▸ **What to produce**
Pictures excluded, output the lines of the data below between the one holding "In TeamViewer Manager" and the one holding "Campagne en Pologne, région", inclusive, exactly as they stand.

*** Opening of Supplied material ***

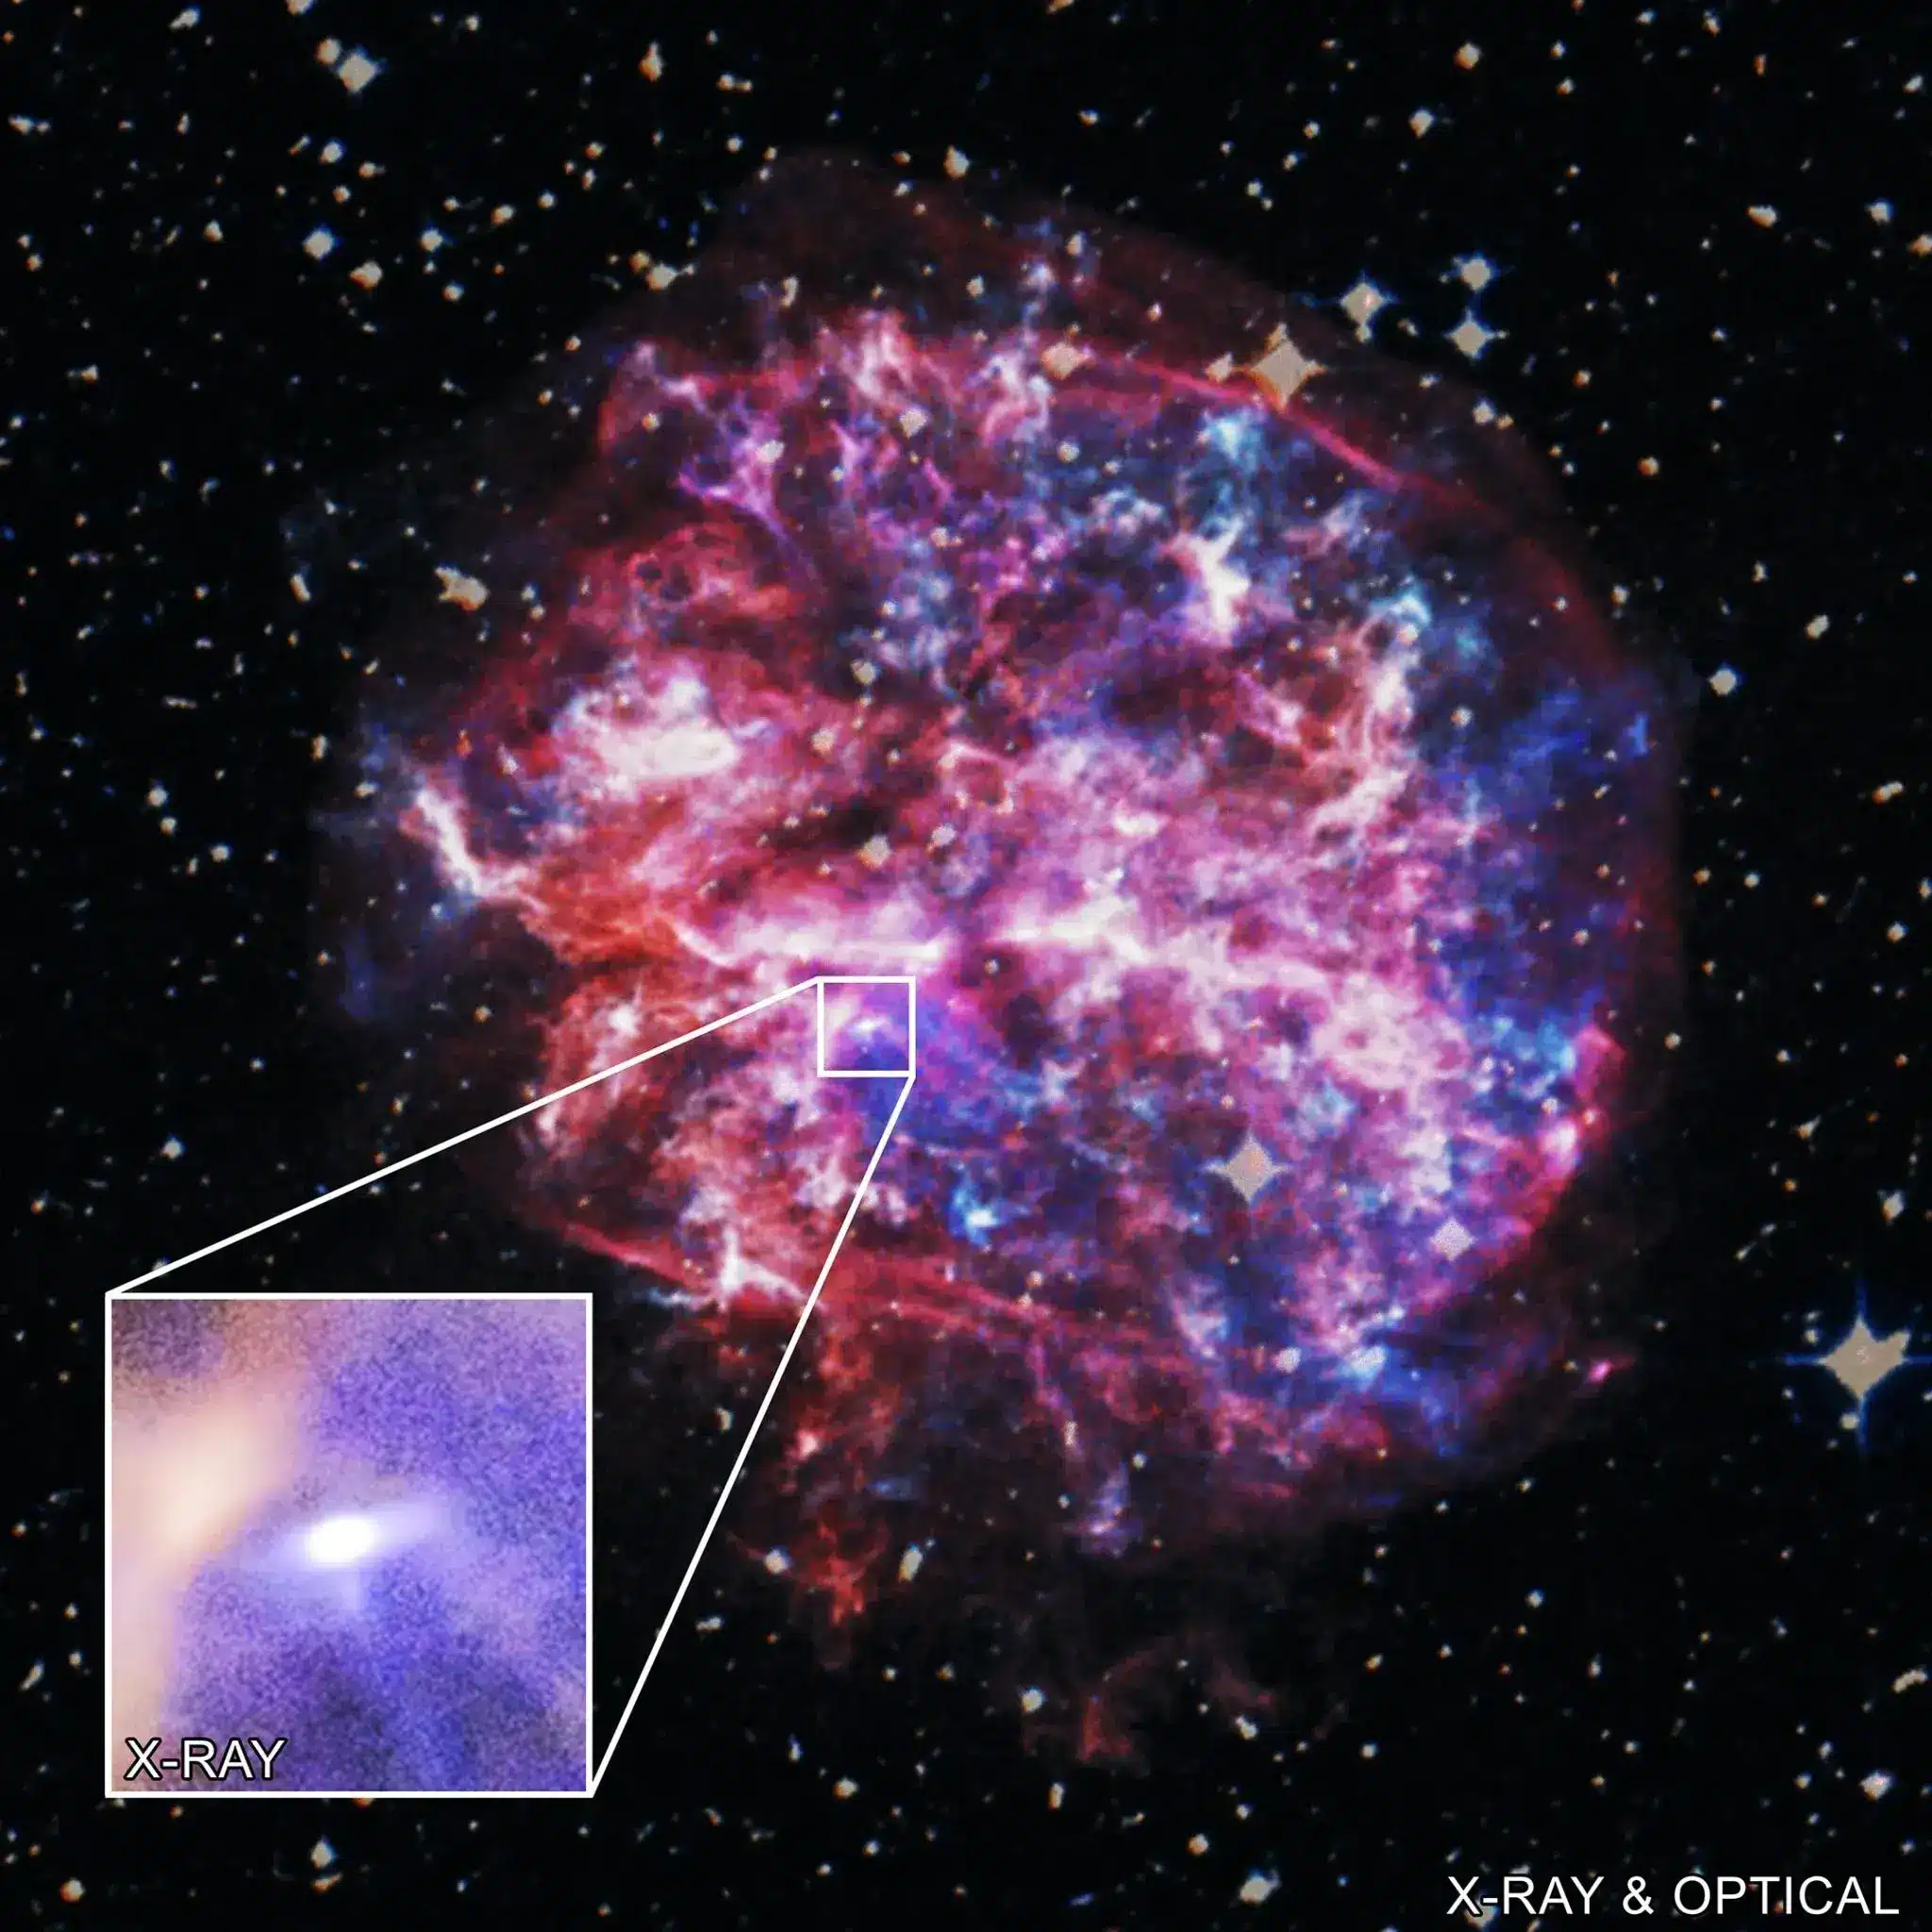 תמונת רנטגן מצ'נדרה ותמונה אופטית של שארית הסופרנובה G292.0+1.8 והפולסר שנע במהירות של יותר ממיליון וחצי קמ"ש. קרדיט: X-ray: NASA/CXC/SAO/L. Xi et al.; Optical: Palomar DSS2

*** Close of Supplied material ***
*** Opening of Supplied material ***

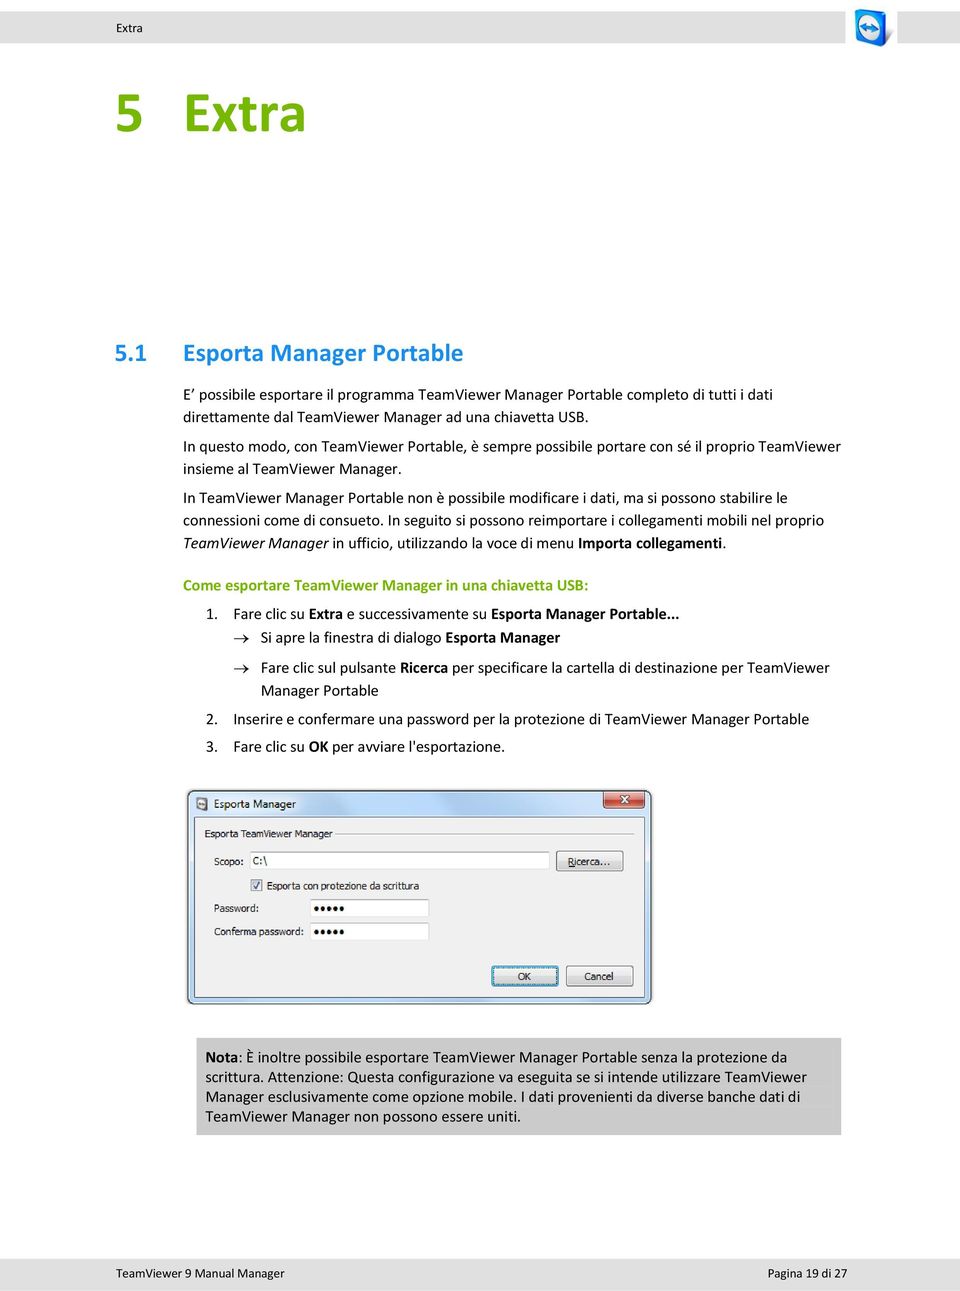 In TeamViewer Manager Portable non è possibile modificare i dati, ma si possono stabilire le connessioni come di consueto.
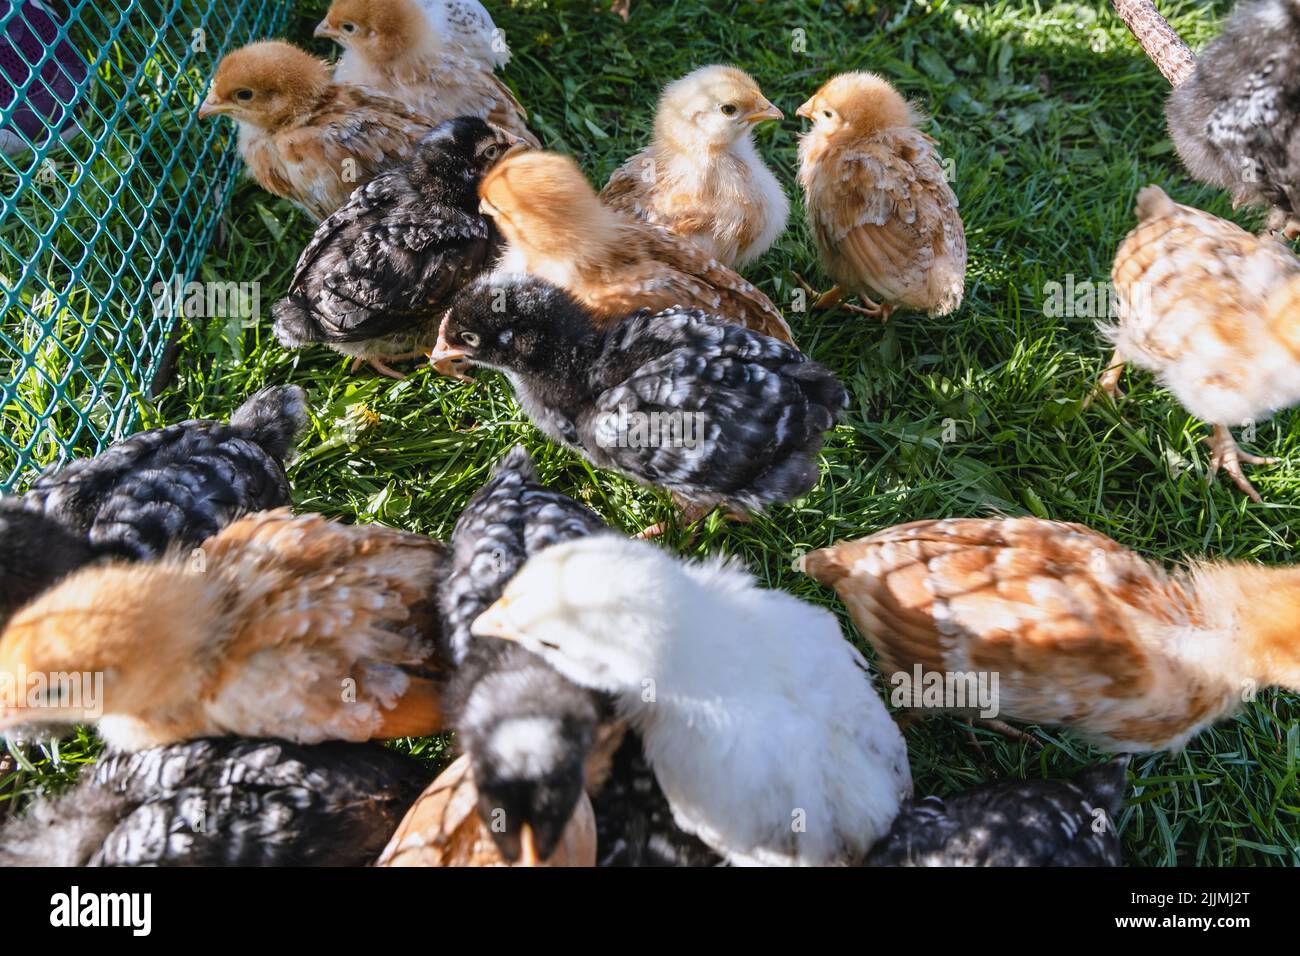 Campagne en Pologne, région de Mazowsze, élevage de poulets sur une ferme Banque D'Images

*** Close of Supplied material ***

▸ **Result below**
 In TeamViewer Manager Portable non è possibile modificare i dati, ma si possono stabilire le connessioni come di consueto.
 Campagne en Pologne, région de Mazowsze, élevage de poulets sur une ferme Banque D'Images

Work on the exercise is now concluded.